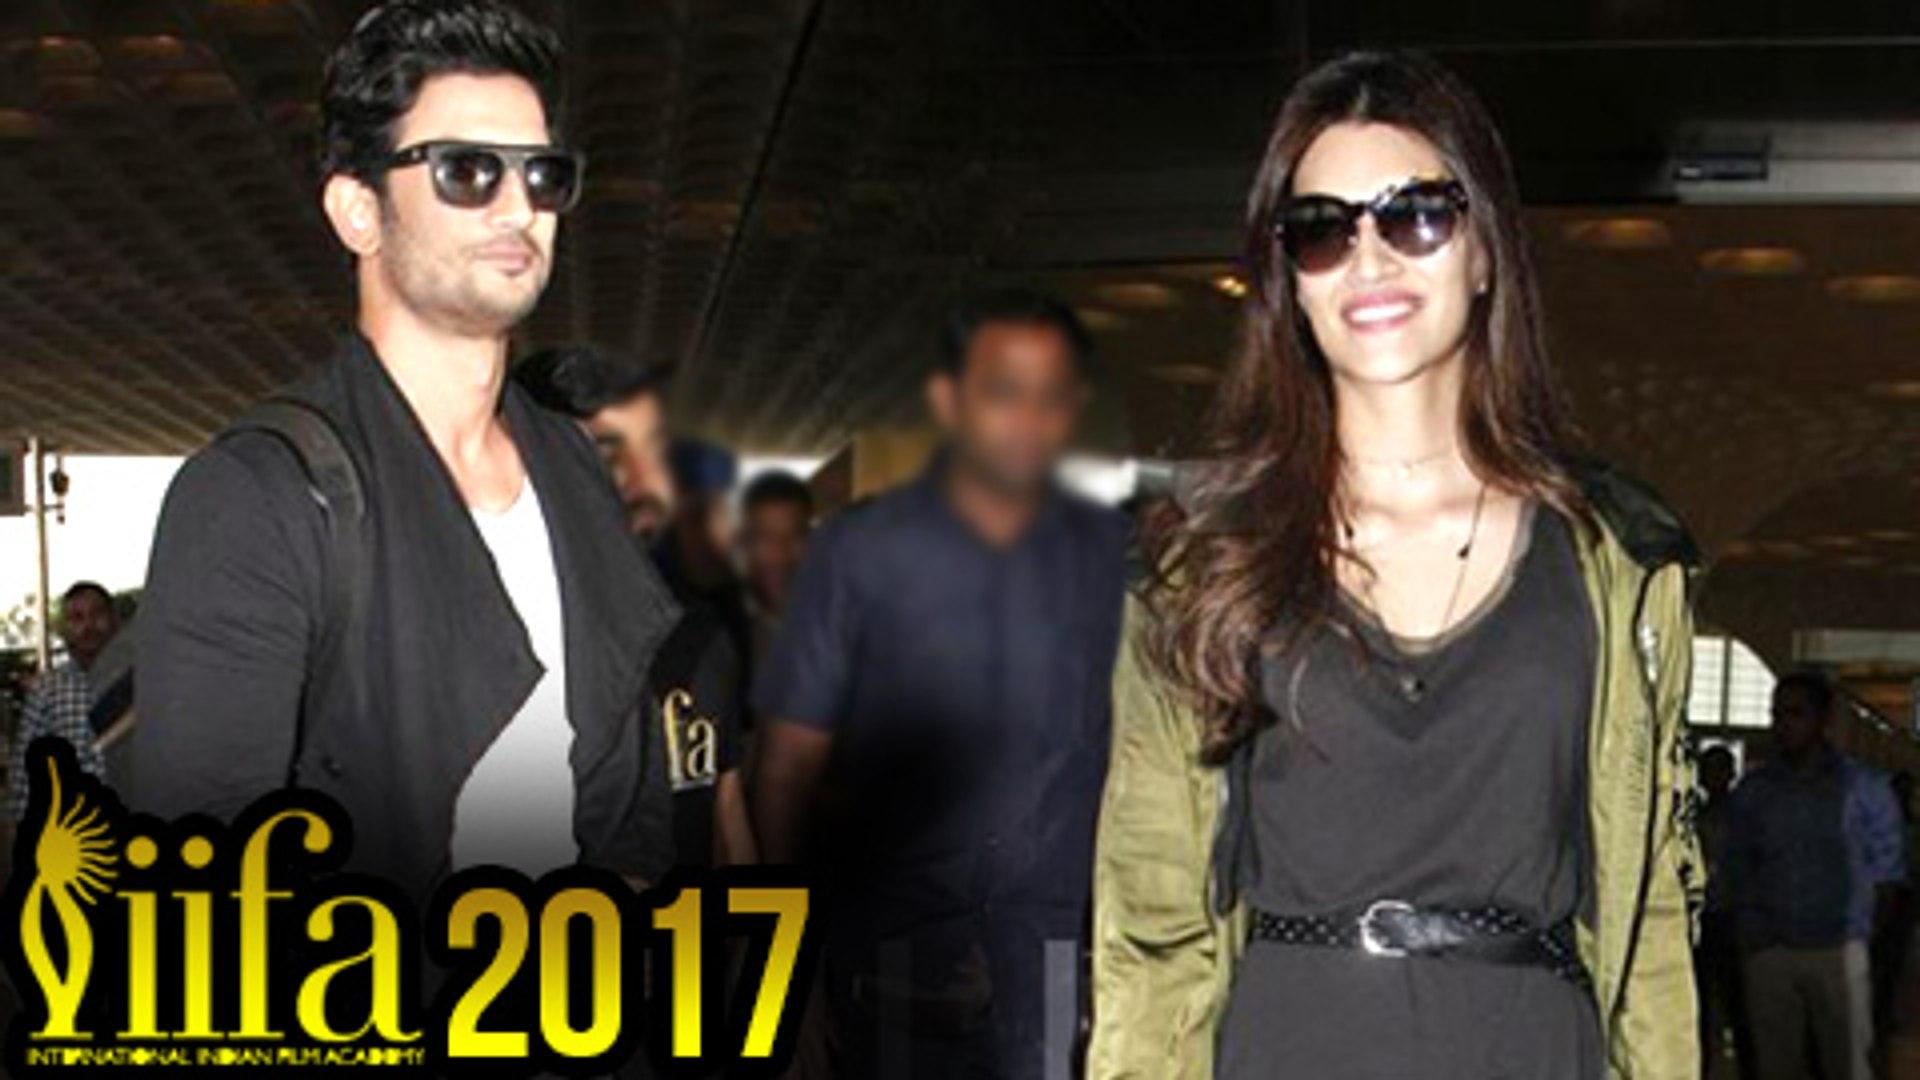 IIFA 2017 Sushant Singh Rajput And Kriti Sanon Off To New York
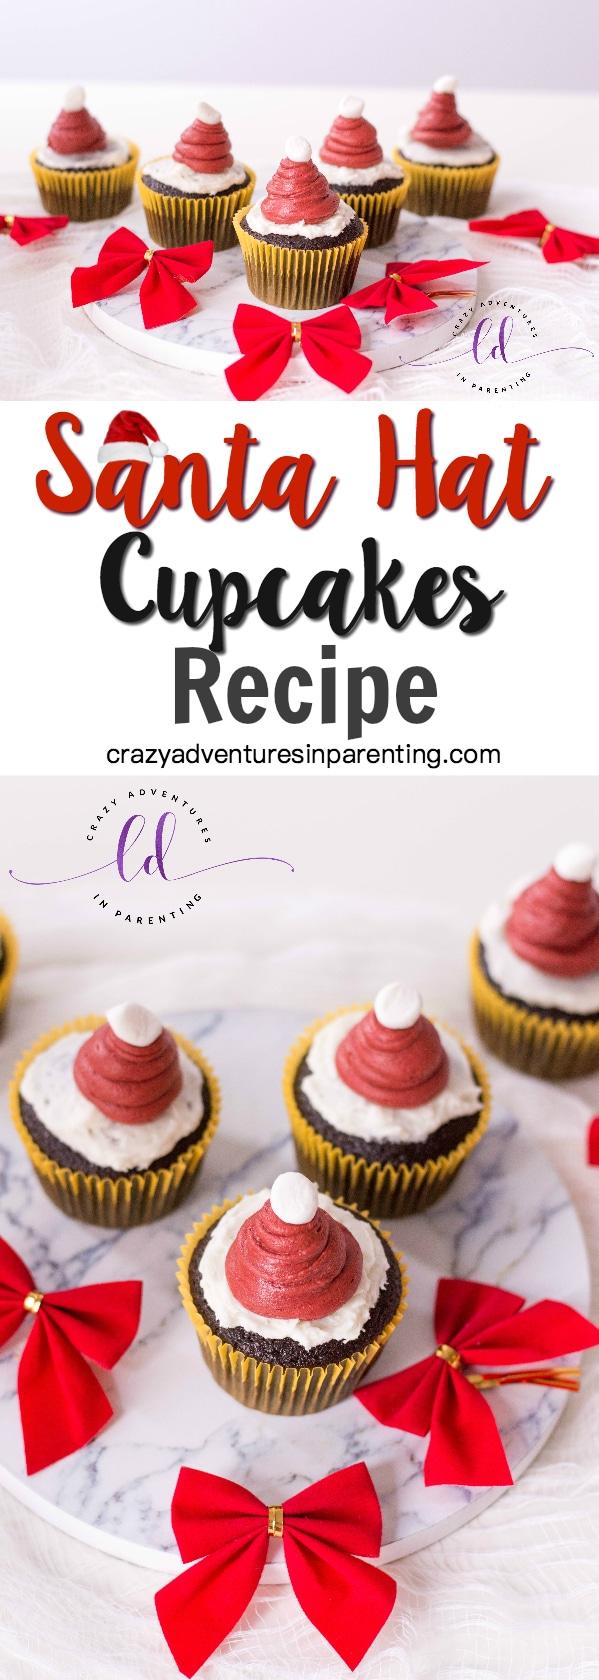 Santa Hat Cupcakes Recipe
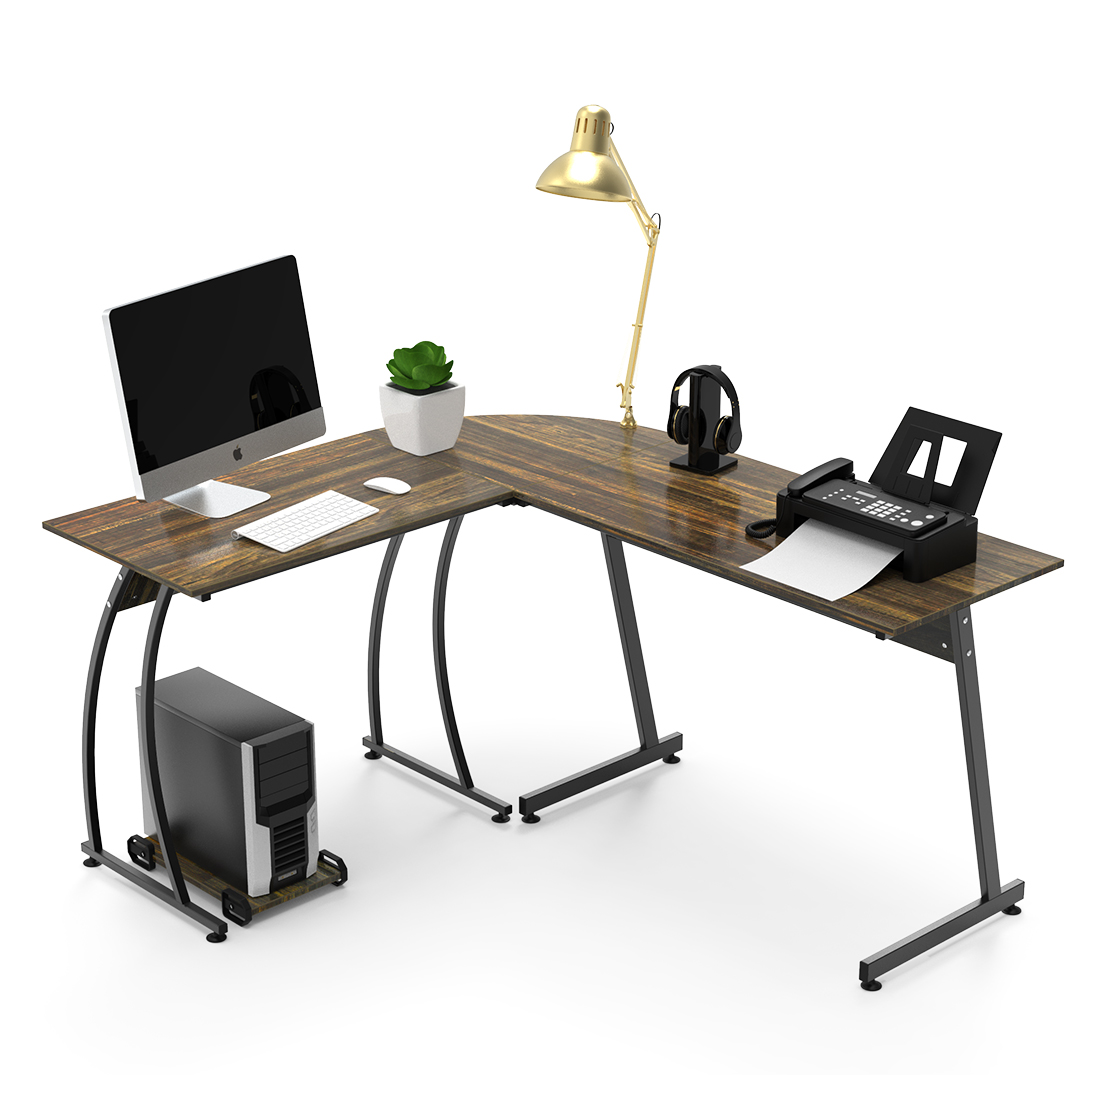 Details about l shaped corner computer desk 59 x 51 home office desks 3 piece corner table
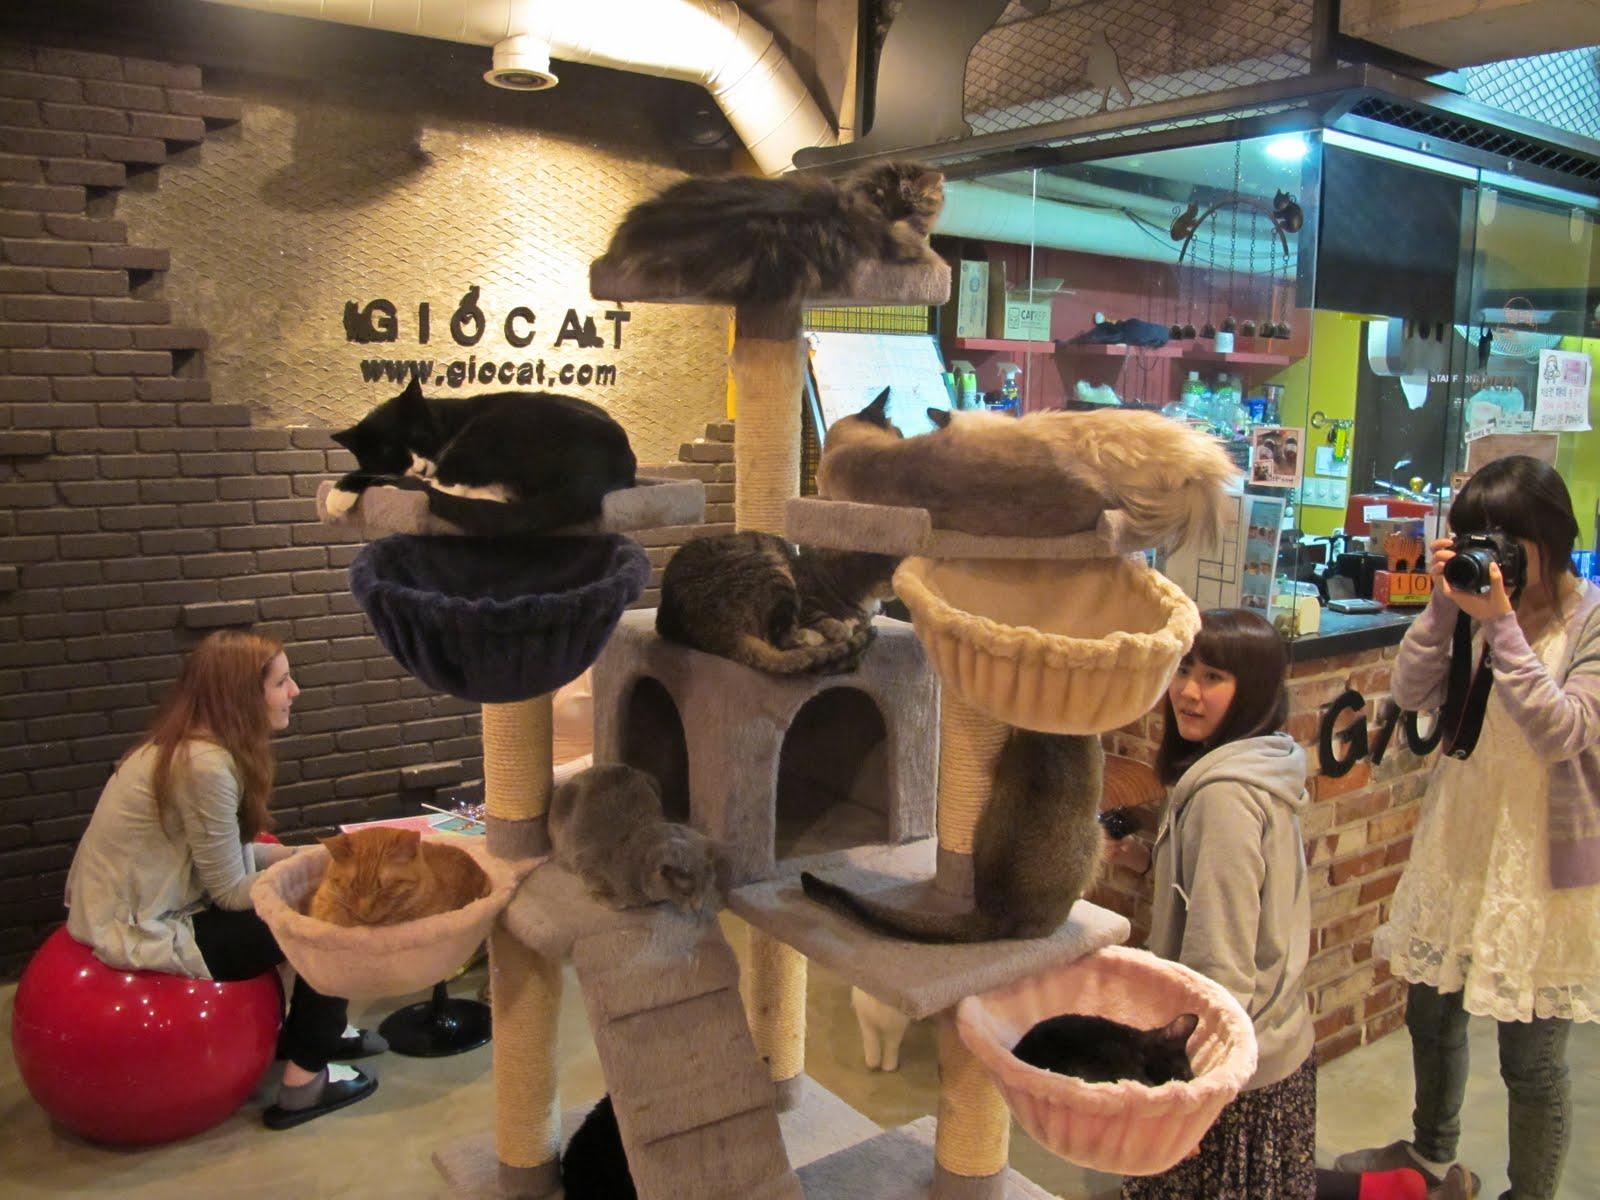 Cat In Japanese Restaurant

* What is being asked: Repeat the listing above word for word, omitting the pictures.

* Exercise response:
 IIFA 2017 Sushant Singh Rajput And Kriti Sanon Off To New York
 Santa Hat Cupcakes Recipe
 Details about l shaped corner computer desk 59 x 51 home office desks 3 piece corner table
 Cat In Japanese Restaurant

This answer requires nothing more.